What to work on: Setting aside any pictures, reproduce the data exactly.

Dataset section:
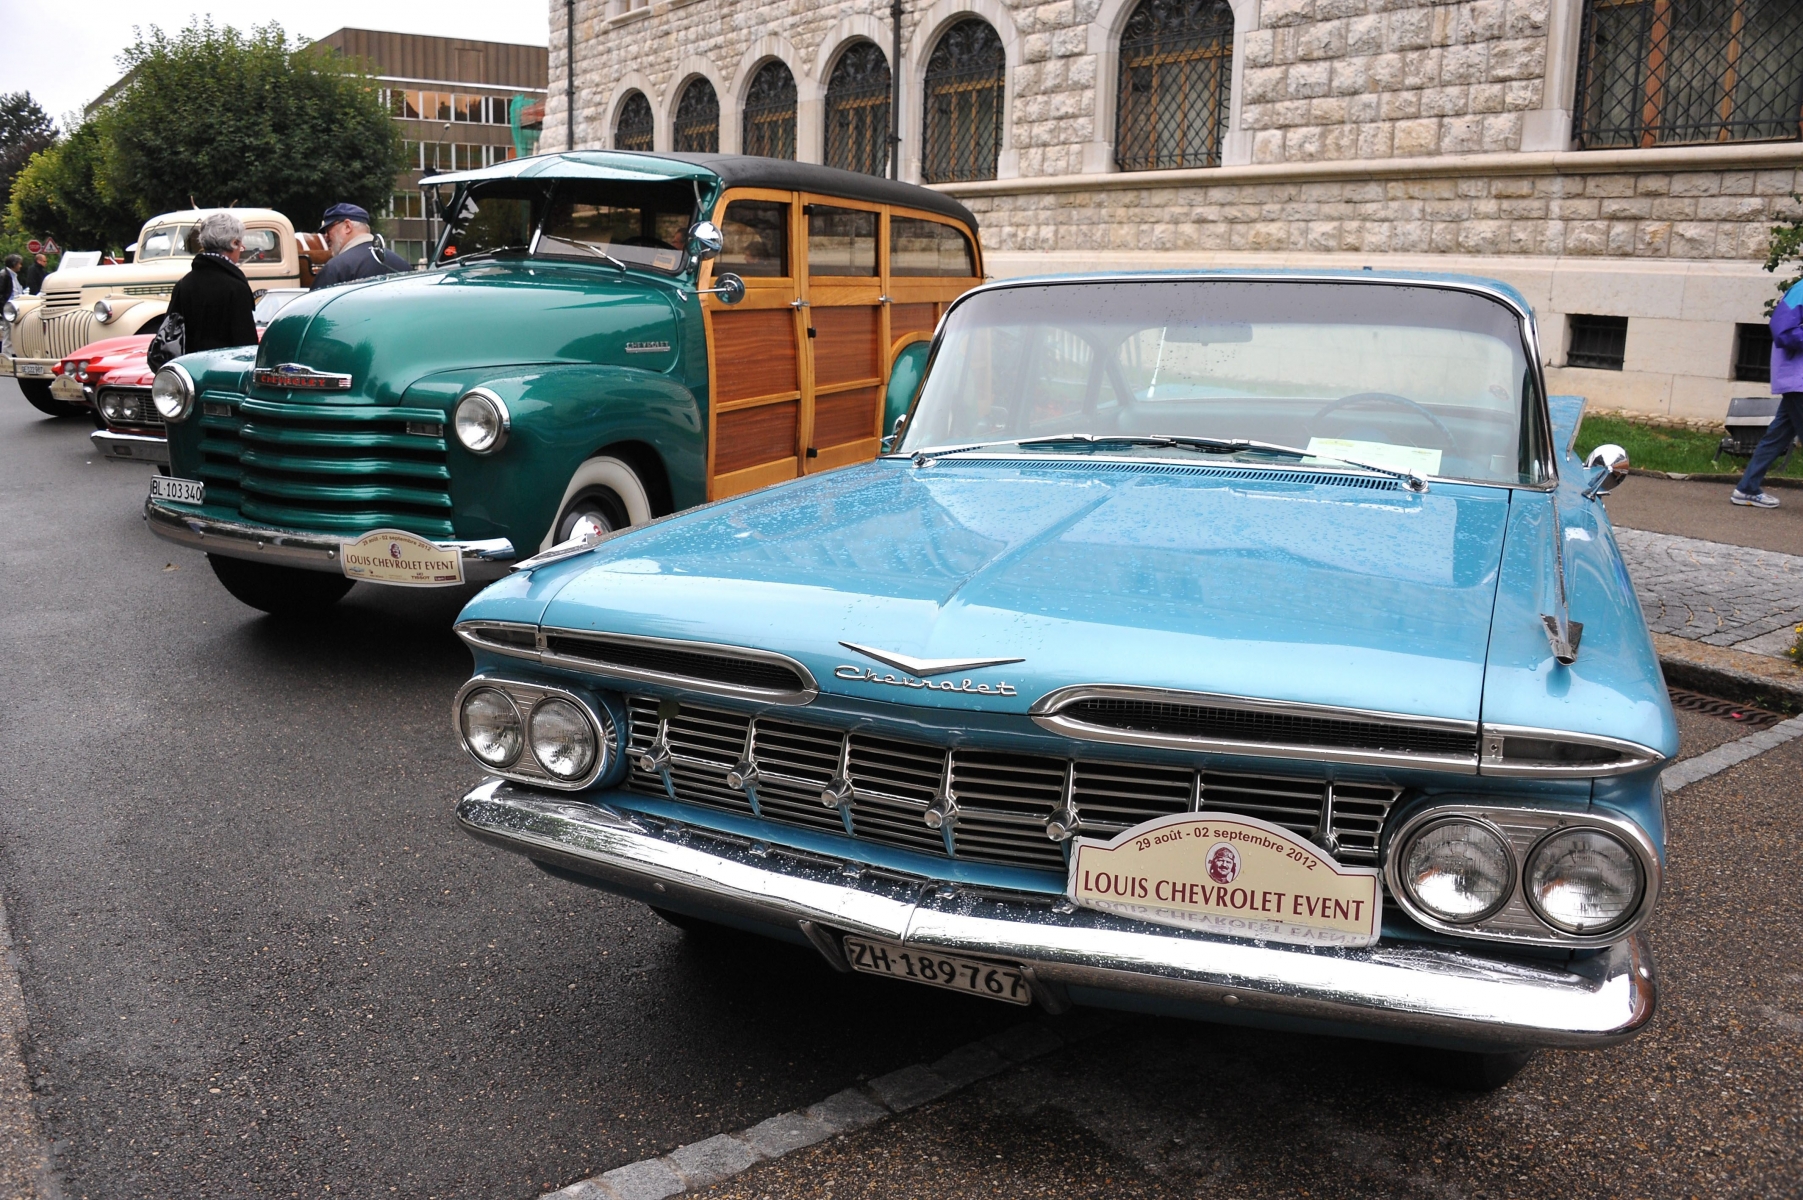 Chevrolet events: au premier plan une Chevrolet Impala de 1959 puis derriere un Woody de 1952 egalement Chevrolet



Le LOCLE 2 09 2012

Photo R Leuenberger LE LOCLE

Result:
 Chevrolet events: au premier plan une Chevrolet Impala de 1959 puis derriere un Woody de 1952 egalement Chevrolet



Le LOCLE 2 09 2012

Photo R Leuenberger LE LOCLE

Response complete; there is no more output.